Operating the bombes was an exacting, difficult, and dirty job. The Wrens worked in pairs. One wired each bombe while the other monitored the outcome. Women five feet eight or taller were desired due to the height of the machine and the difficulty of reaching the top drums. One Wren said "the back of the machine defies description – a mass of dangling plugs ... and a multitude of wires, every one of which had to be meticulously adjusted with tweezers to make sure the electrical circuits did not short." The bombes were noisy, smelly, and dripped black oil. A visiting Admiral objected to the Wrens dressed in practical overalls and afterwards they were required to wear uniforms on duty. The bombes were operated 24 hours a day in three shifts of eight hours each. Security was paramount. The Wrens were told only that they "were breaking German codes". Owing to the strict isolation of one section from others at Bletchley, the Wrens knew little about the results of their work.

The room-sized Colossus computers began work in early 1944. They were the first programmable computers and enabled the code-breakers to process intercepted messages far more rapidly that had the bombes. 130 Wrens worked on the ten Colossus computers. They operated the Colossus under the supervision of a duty officer. The output was statistical and mathematical and required interpretation. As with the bombes the work was exacting, but in this case the Wrens, under more enlightened management, were encouraged to improve their knowledge of what the machines did and its importance. A few women took on cryptography and testing machines, roles typically assigned to men.

In 1943, after training, 60 Wrens were sent to Colombo, Ceylon to focus on breaking Japanese codes. They travelled on a troop ship with 5,000 male soldiers.

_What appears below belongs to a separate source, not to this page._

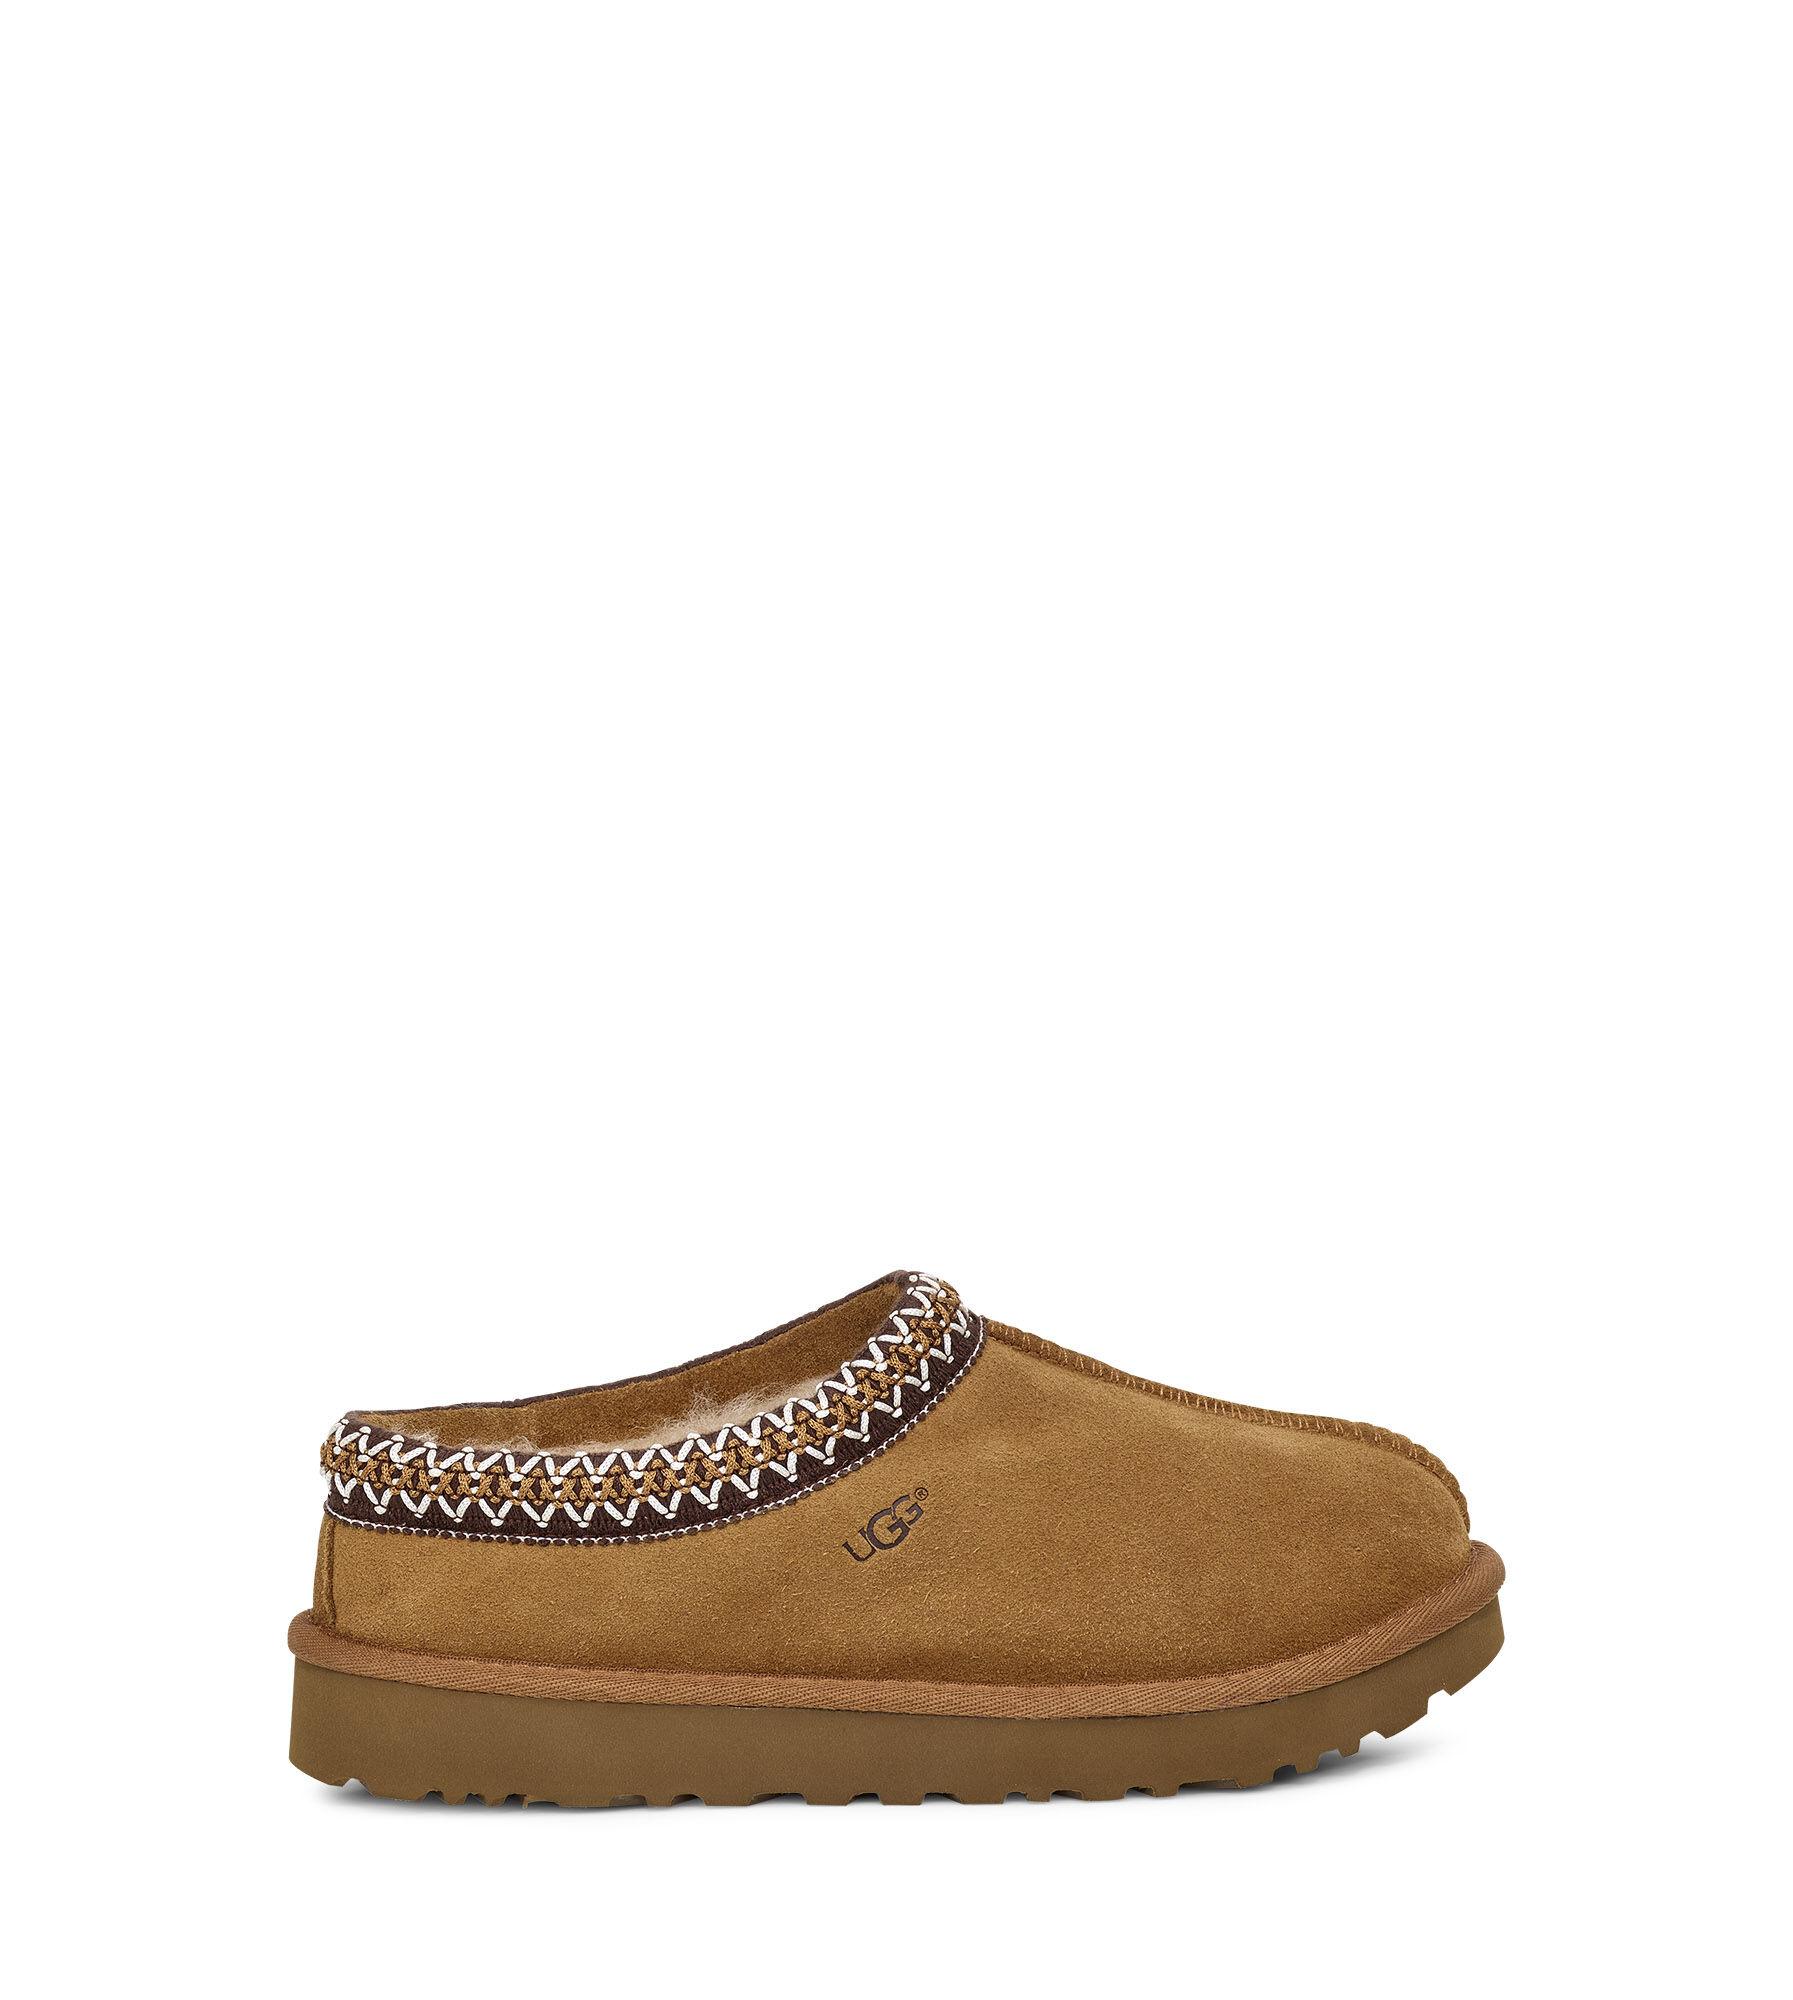 ugg slippers tasman nz

Very few Wrens were promoted into managerial or analytical positions during the war. They were among the labourers and foot soldiers of Bletchley Park.

==Off duty==
For the Wrens, life at Bletchley Park was "secrecy and semi-imprisonment". "Naval protocol was ever present." They worked eight hours a day in a rigid pattern of morning, evening, and nighttime shifts. One day a week was free. They were forbidden to dress in civilian clothes and usually housed in barracks or imposed on home-owners in the town and vicinity. The Wrens were transported to work from their residences by bus. They were forbidden, as were all Bletchley Park employees, to talk about their work, even with each other. Romances were common. As one male employee said, the "hothouse confinement" created an atmosphere in which "sexual infatuations ... became obsessional." However, in conformity with the manners of the day, attractions between the sexes were usually romantic rather than sexual. A few couples married. Hut 2 at Bletchley Park was devoted to employee recreation and an extensive programme of dance, theatre and other activities helped to maintain morale.